For all problems, unless otherwise stated, use \(\mathrm{H}_{0}=\) \(70 \mathrm{km} / \mathrm{s} / \mathrm{Mpc}\). Show that, if the universe were infinite in age and extent the cosmological redshift is not sufficient to get us out of Olbers's paradox.

The cosmological redshift is a key concept in understanding our universe. It happens due to the expansion of space. As light travels through space, the fabric of space itself stretches. This stretching increases the wavelength of light. Longer wavelengths mean the light shifts towards the red end of the spectrum. Hence, it's termed 'redshift'.
For example, imagine light from a distant galaxy. When this light leaves the galaxy, it starts its journey towards us. Over time, as space expands, this light's wavelength gets stretched. By the time it reaches us, it appears redder than when it started.
This phenomenon helps astronomers figure out how far away objects are. The more redshifted the light, the farther away the object is.
Cosmological redshift not only helps us measure distances but also shows evidence that the universe is expanding.

When we talk about an infinite universe, we mean one that has no bounds and is eternal in age; it has existed forever. In such a universe, every line of sight should eventually end on a star. This situation brings us to a famous problem known as Olbers's Paradox.
According to Olbers's Paradox, if the universe were infinite and filled uniformly with stars, the night sky should be bright. This is because there are an infinite number of stars, and their light should fill up every part of the sky.
But in reality, our night sky is dark, not bright. The paradox challenges the idea of an infinite and static universe. Astronomers have debated this for centuries, and current understanding points towards solutions involving the universe’s expansion and its finite age, among other factors.

The expansion of the universe is another crucial idea in modern cosmology. Our universe isn't static; it's continuously expanding. This discovery was one of the significant ideas that shifted our understanding of the cosmos.
Edwin Hubble, an astronomer, observed that galaxies are moving away from us, and the farther away they are, the faster they're receding. This observation led to the conclusion that the universe itself is expanding. This expansion affects everything, including the light traveling through space.
As space expands, it stretches the wavelengths of light. This stretching causes the cosmological redshift we talked about earlier. The expansion means that galaxies and stars are constantly moving away from each other, which impacts how we perceive light over long distances.
In terms of Olbers's Paradox, the expansion helps explain why the night sky is dark. As the light from distant stars stretches and redshifts over time, it reaches us with diminished energy, ensuring the sky isn’t as bright as we'd expect in an infinite, static universe.

The intensity of starlight is essential in resolving questions about the night sky's darkness. Intensity refers to the brightness or energy from a star that reaches us. In an infinite universe, you would think the combined light from all stars should make the night sky very bright.
However, several factors affect this intensity:

• Cosmological Redshift: Due to the universe's expansion, the light from distant stars gets redshifted, which reduces its energy when it arrives.
• Finite Age of the Universe: The universe is not infinitely old.
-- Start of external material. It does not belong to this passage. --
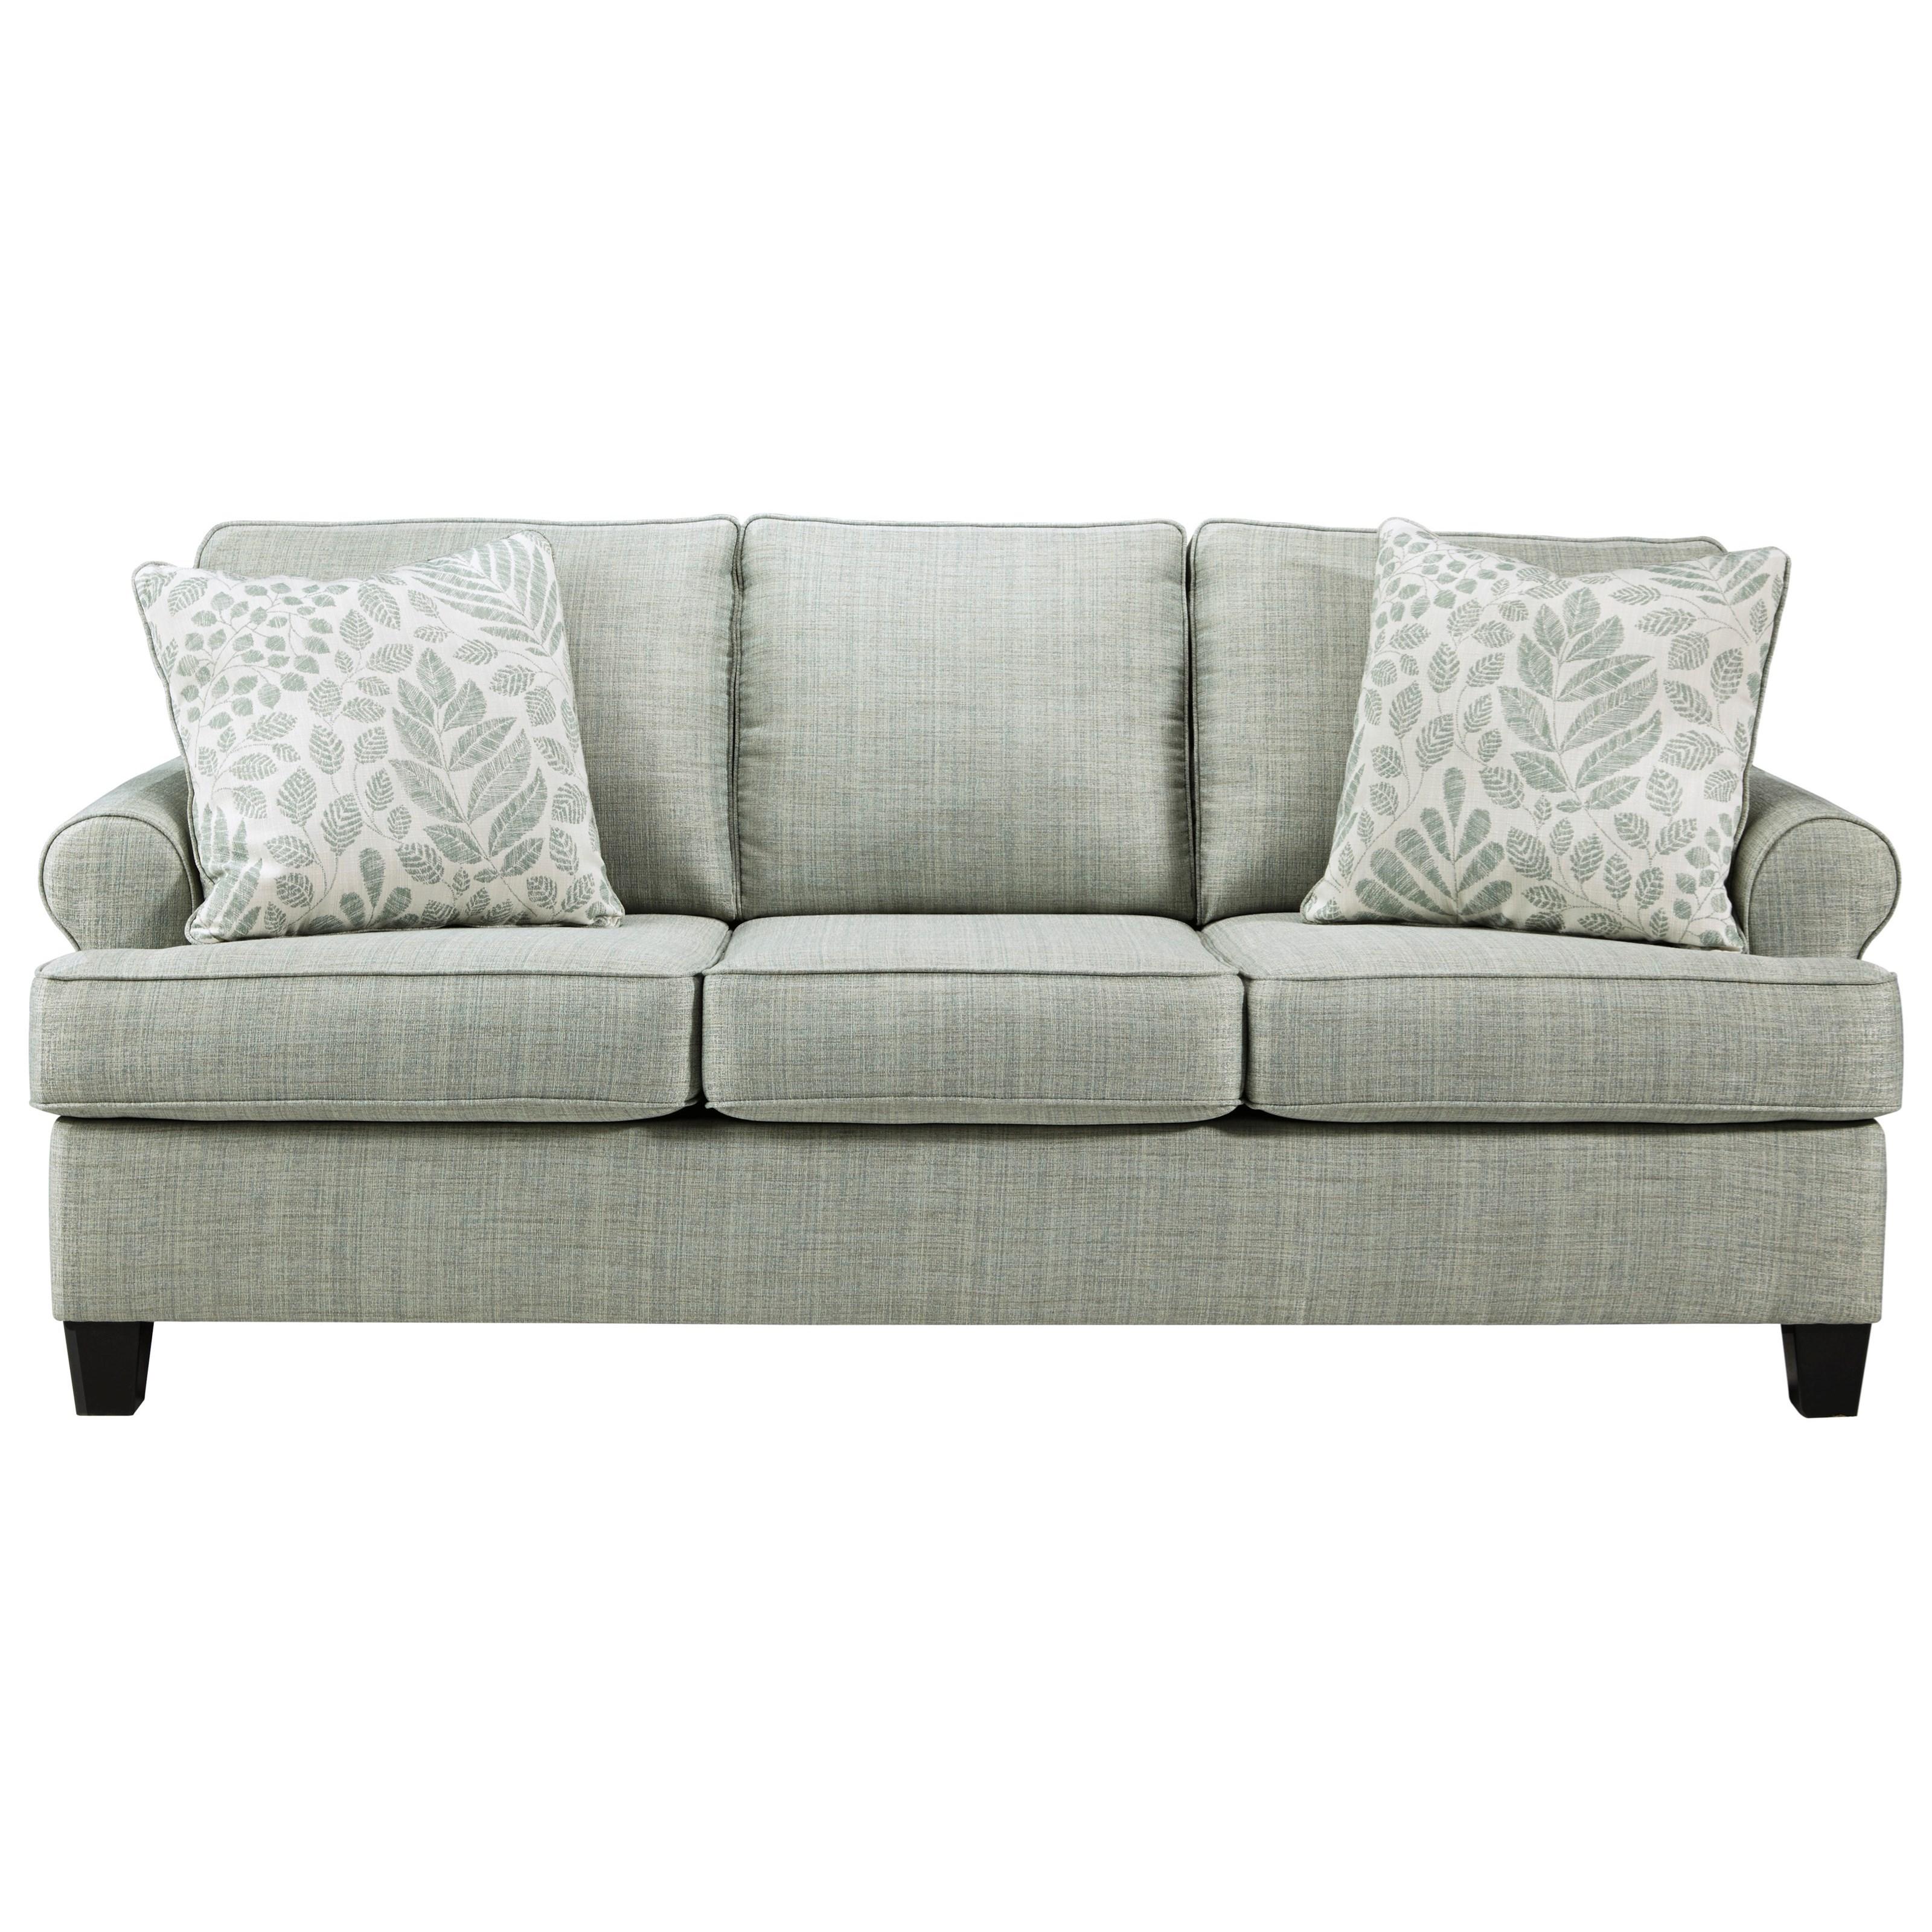 Kilarney Sofa by Ashley Furniture Signature Design at Del Sol Furniture

Light from the farthest stars hasn't had enough time to reach us yet.
• Absorption and Scattering: Interstellar dust and gas can absorb or scatter starlight, diminishing its intensity.

Even if we integrate the light from an infinite number of stars, the combined effect of all these factors significantly mitigates the brightness we observe, leading to a dark night sky. Therefore, while individual stars contribute light, the overall observed intensity drops, helping resolve Olbers's Paradox.